- Exercise -
Exactly the lines from the top of the records below through the one containing "A Tunisian patient" must be set down, with no line added or dropped.

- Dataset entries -
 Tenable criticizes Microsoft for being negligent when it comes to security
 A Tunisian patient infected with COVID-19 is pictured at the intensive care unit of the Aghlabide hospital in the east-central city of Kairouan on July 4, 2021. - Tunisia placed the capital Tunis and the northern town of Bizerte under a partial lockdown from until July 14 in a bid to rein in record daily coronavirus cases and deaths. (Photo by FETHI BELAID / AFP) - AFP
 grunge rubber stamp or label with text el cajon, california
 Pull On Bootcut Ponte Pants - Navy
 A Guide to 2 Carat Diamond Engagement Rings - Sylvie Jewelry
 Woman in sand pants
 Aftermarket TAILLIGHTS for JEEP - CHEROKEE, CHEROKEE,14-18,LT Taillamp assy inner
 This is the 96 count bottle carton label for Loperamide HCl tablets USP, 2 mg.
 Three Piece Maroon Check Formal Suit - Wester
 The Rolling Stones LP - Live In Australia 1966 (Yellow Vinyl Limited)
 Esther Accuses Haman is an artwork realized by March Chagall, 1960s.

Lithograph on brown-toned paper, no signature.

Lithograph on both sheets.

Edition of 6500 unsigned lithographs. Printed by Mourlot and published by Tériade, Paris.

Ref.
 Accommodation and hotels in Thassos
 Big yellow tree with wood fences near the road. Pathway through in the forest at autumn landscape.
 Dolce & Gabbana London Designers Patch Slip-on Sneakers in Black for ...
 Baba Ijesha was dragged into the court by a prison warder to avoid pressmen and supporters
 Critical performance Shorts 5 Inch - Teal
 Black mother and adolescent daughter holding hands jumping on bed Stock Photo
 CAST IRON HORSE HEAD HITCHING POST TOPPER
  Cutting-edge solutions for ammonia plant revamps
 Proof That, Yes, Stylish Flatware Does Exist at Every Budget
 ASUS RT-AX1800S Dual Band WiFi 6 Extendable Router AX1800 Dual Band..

- Result for this task -
 Tenable criticizes Microsoft for being negligent when it comes to security
 A Tunisian patient infected with COVID-19 is pictured at the intensive care unit of the Aghlabide hospital in the east-central city of Kairouan on July 4, 2021. - Tunisia placed the capital Tunis and the northern town of Bizerte under a partial lockdown from until July 14 in a bid to rein in record daily coronavirus cases and deaths. (Photo by FETHI BELAID / AFP) - AFP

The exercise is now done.